Song by Matt Redman

from the album Where Angels Fear to Tread
- Released: 2002
- Recorded: 2002
- Genre: Contemporary worship music
- Songwriters: Matt Redman, Beth Redman

= Blessed Be Your Name (song) =

2002 song by Matt Redman

"Blessed Be Your Name" is a song by English Christian singer-songwriters Matt Redman and Beth Redman, performed by Matt Redman. The track appeared on Redman's 2002 album Where Angels Fear to Tread on the Worship Together label. The Matt Redman track was not released as a single.

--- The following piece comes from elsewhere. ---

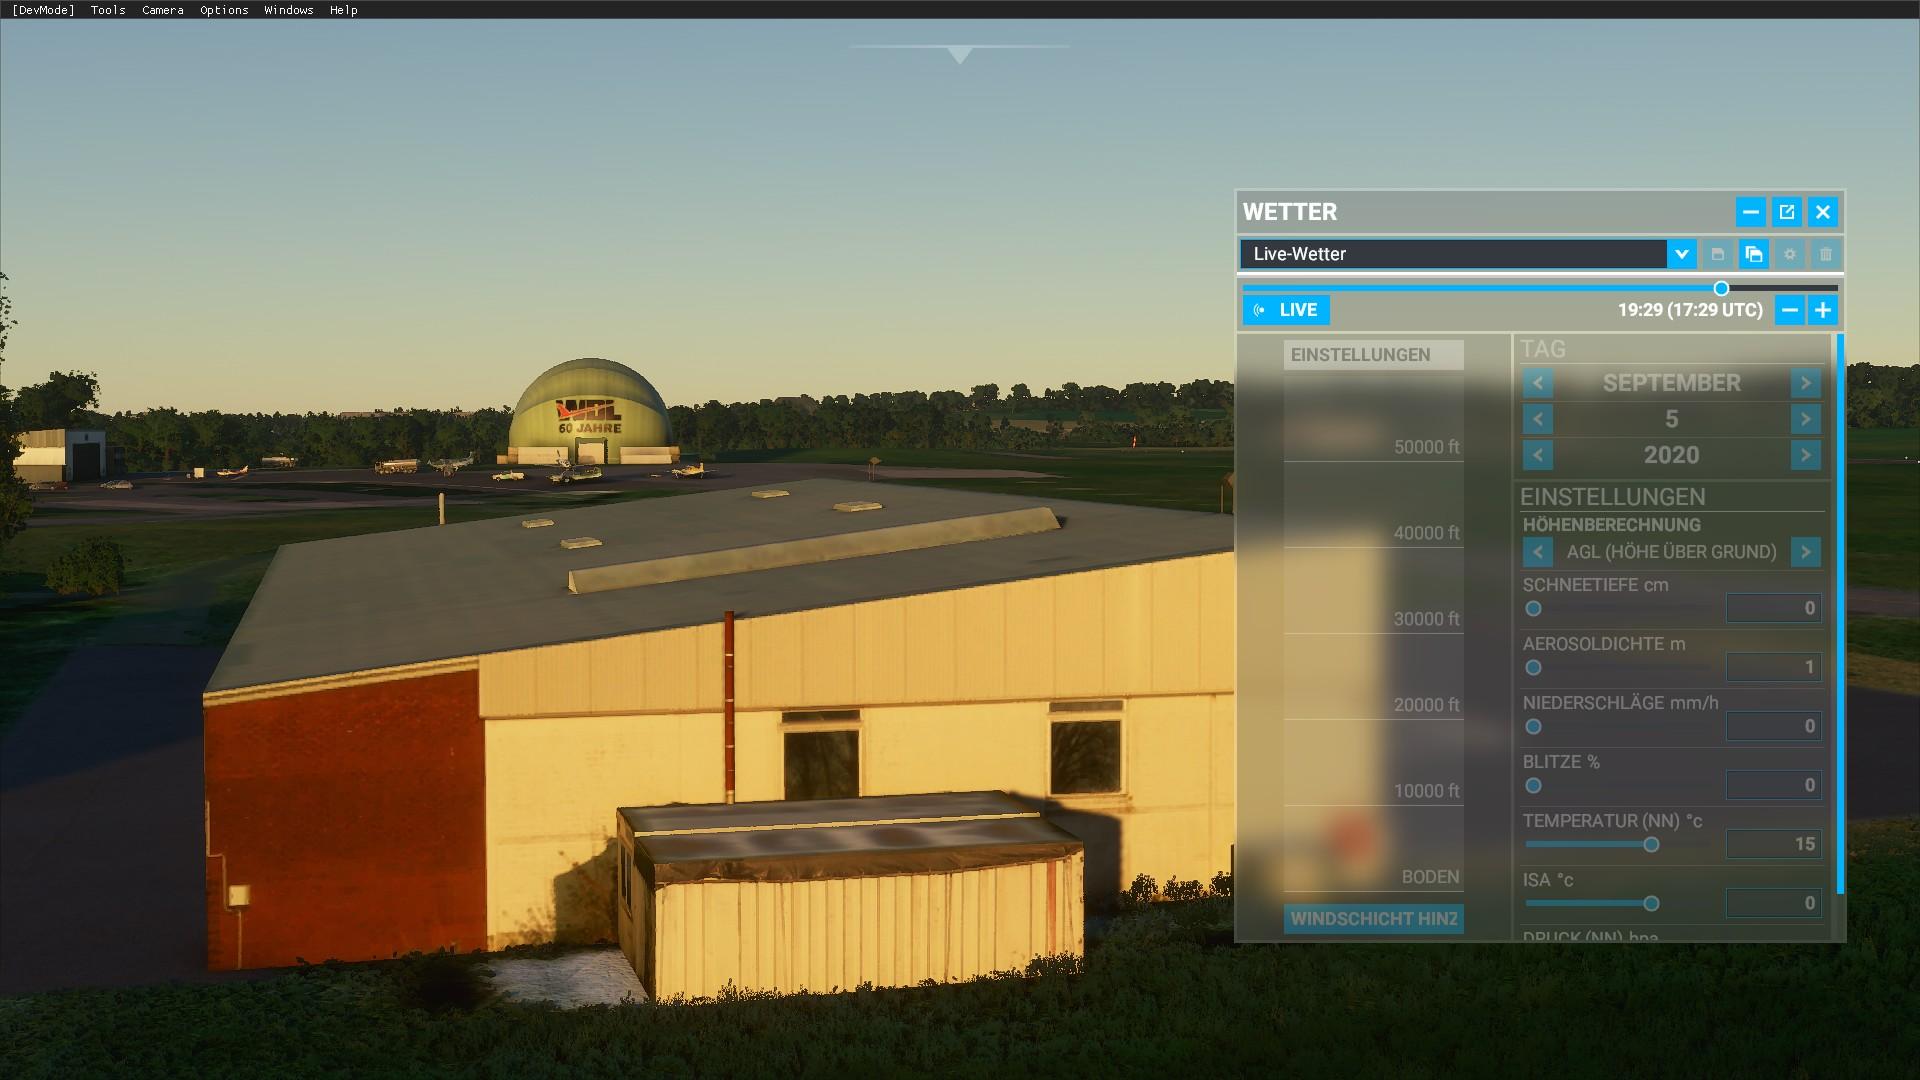 mfs_flughafen_edle_hangar_blimp_7.jpg

The song was covered as a single in 2003 by the South African Christian band Tree63. That version peaked at number 2 on the US Billboard Christian Songs chart, becoming their first and biggest chart success. The single stayed on that chart for 68 weeks. They included the track in their album in 2004, The Answer to the Question. Their version is included on WOW Hits 2005. Also in 2004, Newsboys covered the song for their Devotion album.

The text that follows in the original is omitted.